Adds end-to-end RPC timeout detection and error propagation for storage transactions (data replication). When a replica becomes unresponsive during replication, the main instance now detects the timeout at the TCP/socket level and surfaces a distinct
TimeoutReplicationError through the storage commit path, ultimately throwing a ReplicationException with an actionable message to the user. Previously, all replication failures (timeout, connection reset, protocol error) were collapsed into a single generic error.

Additionally, introduces a configurable replication_mode parameter to the HA stress test infrastructure and a new rpc_timeout stress workload that uses iptables to simulate network partitions.

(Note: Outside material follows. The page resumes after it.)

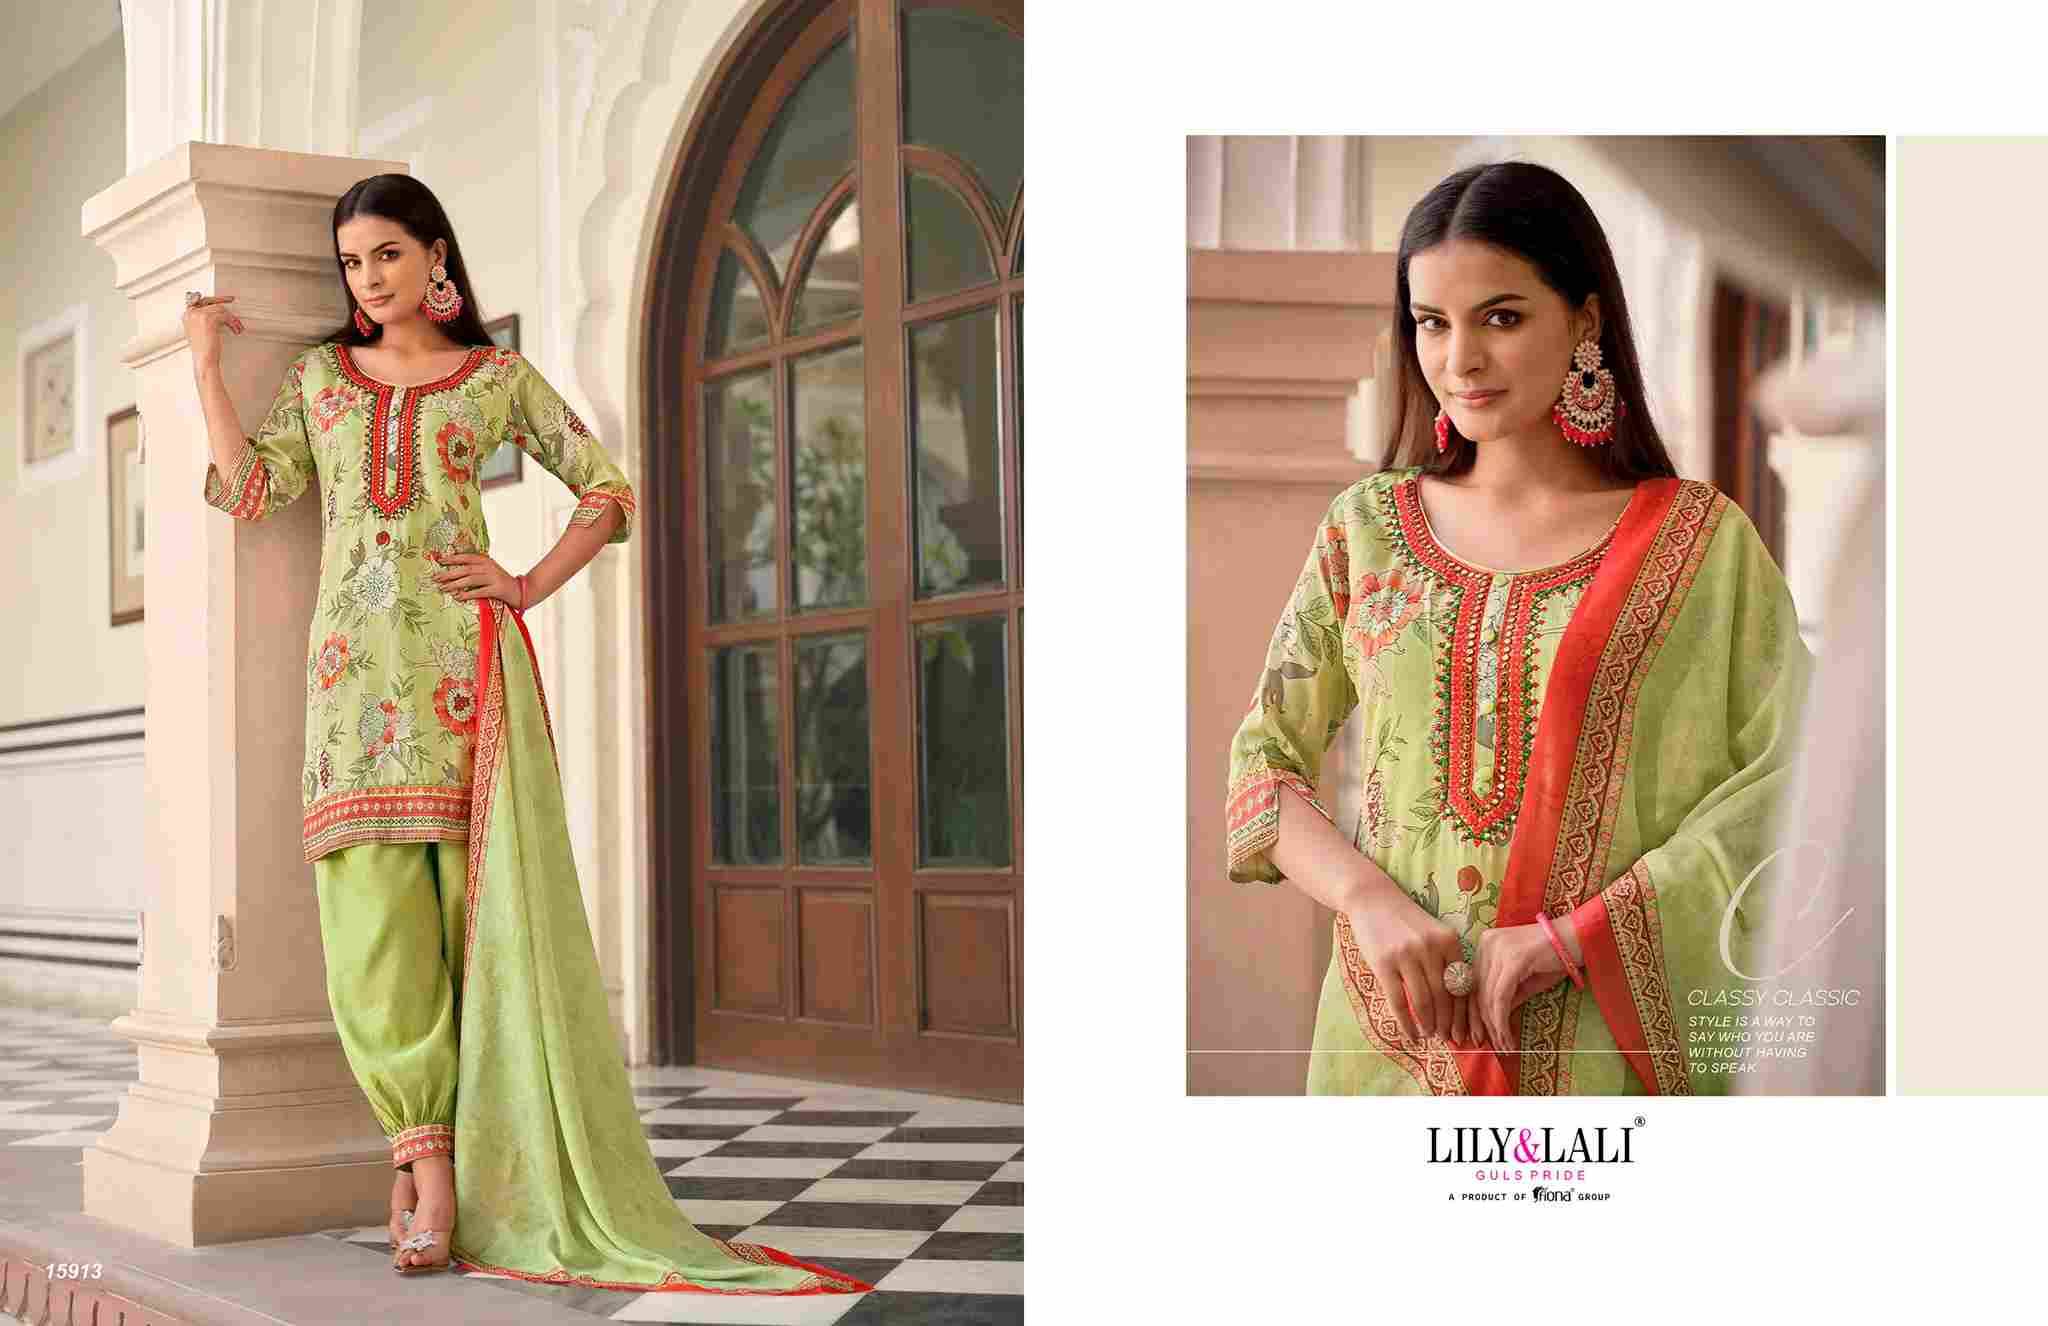 Mehnoor By Lily And Lali 15911 To 15916 Series Festive Suits Beautiful Fancy Colorful Stylish Party Wear & Occasional Wear Muslin Silk Dresses At Wholesale Price

Also fixes a scenario in which main would block because sending data to replica would've been blocked. This is solved by introducing TCP_USER_TIMEOUT parameter.

Why

In HA clusters, when a SYNC or STRICT_SYNC replica goes down or becomes unreachable, the main instance's send() would block for minutes (default TCP retransmission timeout) before failing. Users had no way to distinguish a timeout from other replication failures,
making diagnosis difficult. With TCP_USER_TIMEOUT set on sockets, the kernel tears down the connection within seconds, and the distinct error type lets users understand the root cause immediately.

How

The change threads timeout information through four layers:

  • Socket layer (src/io/network/socket.cpp): Adds SetUserTimeout() (TCP_USER_TIMEOUT) and WaitForReadyWrite() with timeout detection. Socket Write() now returns std::expected<void, ClientCommunicationError> distinguishing TIMEOUT_ERROR from
    GENERIC_ERROR.
  • RPC layer (src/rpc/client.hpp, src/rpc/exceptions.hpp): Introduces RpcTimeoutException (sibling of GenericRpcFailedException, both inherit RpcFailedException). StreamHandler::SendAndWait()/SendAndWaitProgress() and the SLK write callback translate
    socket timeout errors into RpcTimeoutException. Adds InProgressRes to the generic RPC messages layer (moved from storage-specific rpc.hpp).
  • Replication layer (src/storage/v2/replication/): ReplicationStorageClient::FinalizePrepareCommitPhase() and FinalizeTransactionReplication() catch RpcTimeoutException separately and return ClientCommunicationError::TIMEOUT_ERROR.
    TransactionReplication::ShipDeltas() returns std::expected<void, ClientCommunicationError> (was bool) and prioritizes timeout errors over generic errors when aggregating across replicas.
  • Storage/interpreter layer (src/storage/v2/inmemory/storage.cpp, src/query/interpreter.cpp): InMemoryStorage::Commit() maps ClientCommunicationError::TIMEOUT_ERROR to TimeoutReplicationError{} in the StorageManipulationError variant. The interpreter's
    commit path checks for TimeoutReplicationError and throws ReplicationException(rpc::kRpcTimeoutMsg).

Other changes:

  • Jepsen tests: Added main-reached-rpc-timeout? handler across HA bank, create, multi-tenancy, and replication test suites. Changed several error handlers from :ok to :info for correctness (these are indeterminate outcomes, not confirmed successes).
  • Stress test infra: Added replication_mode input to stress_tests.yml / reusable_stress_tests.yaml, threaded through mgbuild.shdeployment.sh. New rpc_timeout workload uses iptables to block a replica's replication port during a heavy write.
  • StreamAndFinalizeDelta (system replication client in src/replication/include/replication/replication_client.hpp): Catches RpcFailedException (base class) instead of only GenericRpcFailedException to handle both timeout and generic failures gracefully.

Testing

  • Unit tests updated: rpc_timeouts.cpp, rpc_in_progress.cpp, replication_rpc_progress.cpp, snapshot_rpc_progress.cpp — all timeout scenarios now expect RpcTimeoutException instead of GenericRpcFailedException.
  • New stress test: tests/stress/ha/workloads/rpc_timeout/workload.py — spawns a heavy write query, blocks a replica's replication port via iptables, verifies that the query fails with a timeout or sync replication error. Enabled for native HA, disabled for
    Docker/EKS (requires root/iptables access).
  • Jepsen tests: Updated all HA and replication suites to handle the new timeout error as an indeterminate outcome (:info)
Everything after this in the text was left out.